Figure 4. The latest version of the customers processing routine ProcessCustomersEx2 is about four times faster than the original.
Discussion
At this point you may ask: “What’s with the index checking, however? It’s a must-have feature in general.” The short answer is: yes, it is. And you can easily insert an assertion for that, just like the following:
Assert((I >= 0) and (I < List.Count));
Obj := TObject(List.List[I]);
// processing Obj
Since assertions are eliminated from the release configuration they do not affect performance.

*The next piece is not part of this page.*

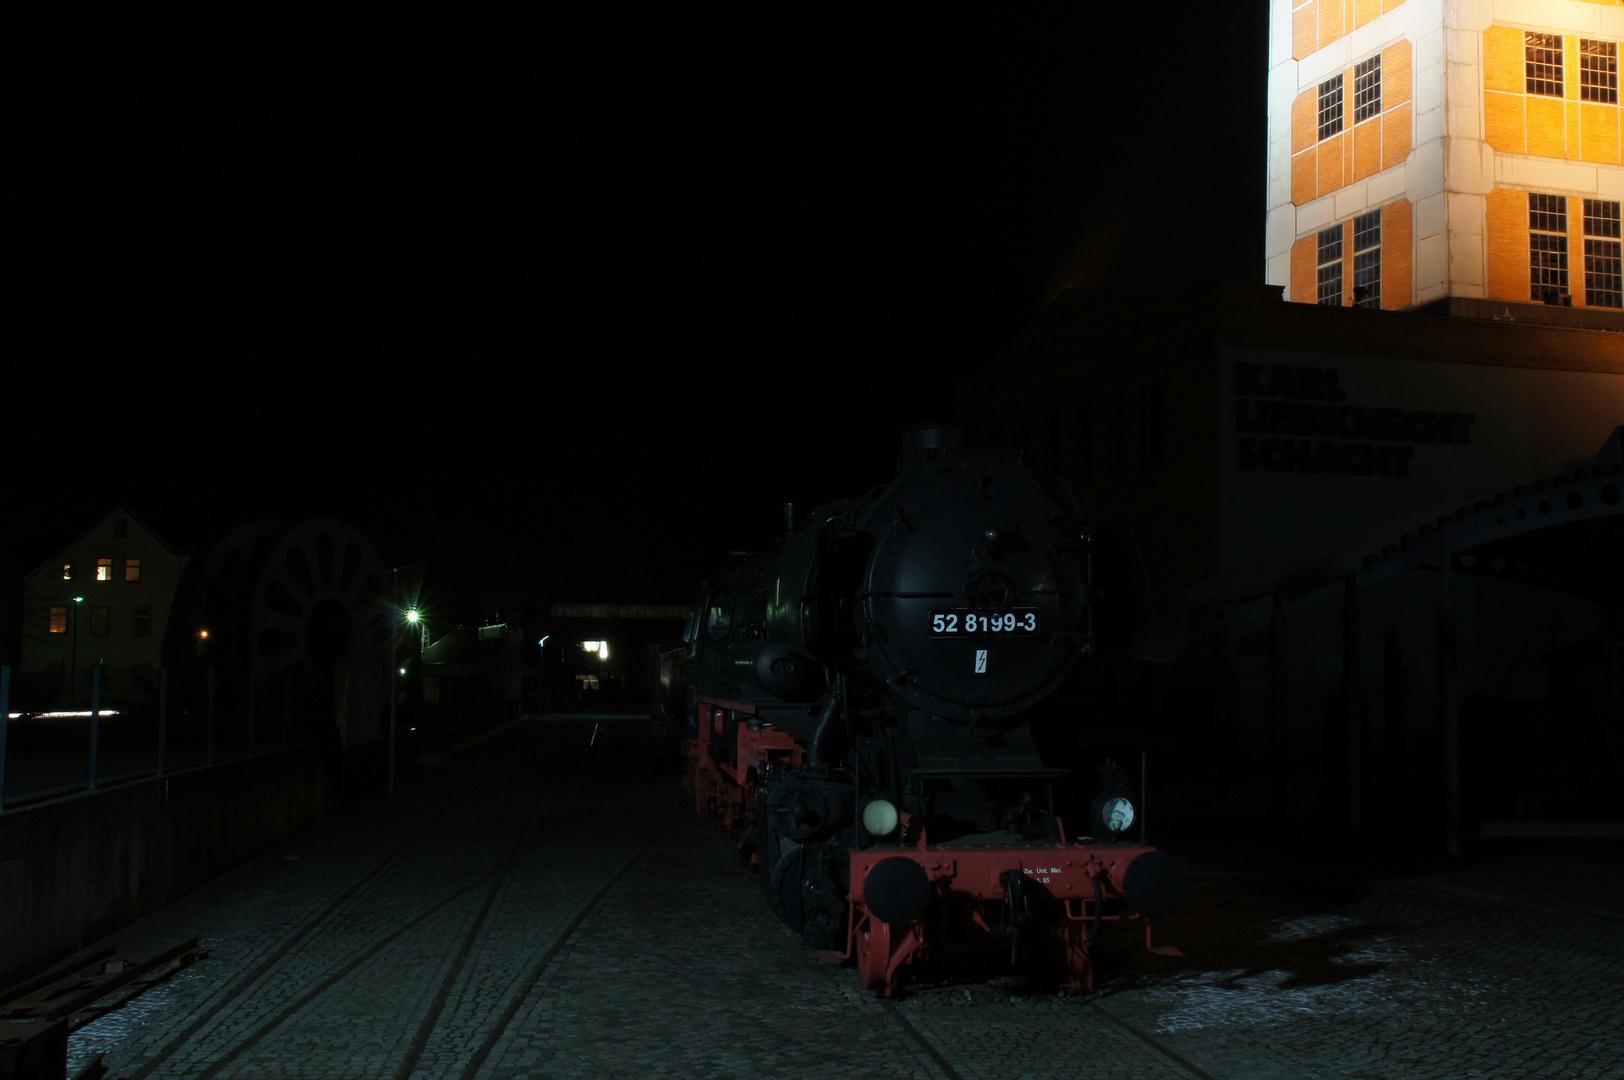 Bergbaumuseum in Oelsnitz

In general, this approach is recommended for most of the runtime checks.
Another reasonable question is: “What’s with the encapsulation? – We used typed TCustomerList.GetItem and TCustomList.GetItemEx before, now we have to deal with raw pointers returned by TList.List?” Well, that’s like walking on a thin ice. Fighting for increased performance may result in some consequent design losses. Solution #2 is a result of the specific requirements of this article: it was our goal to speed up the sample. In the real world it’s up to you to find compromise and to decide whether to stop or go further – looking for the solution #3.
Conclusion
Now you know the TList.Items property trick and are ready to eliminate this bottleneck from your applications. AQtime clearly shows that direct access to the list items via TList.List property is several times faster compared to invocation of the TList.Items property getter. However, I should warn you: performance optimization is a never ending battle, be prepared to battle more bottlenecks shifted to the top of Performance Profiler results in place of this solved one.
P.S. It’s to be noted that described trick works only if the list is accessed from one thread at a time. Consider using TThreadList instead of TList to access list items in a multi-threading environment. However, multi-threading issues are the subject of a different story.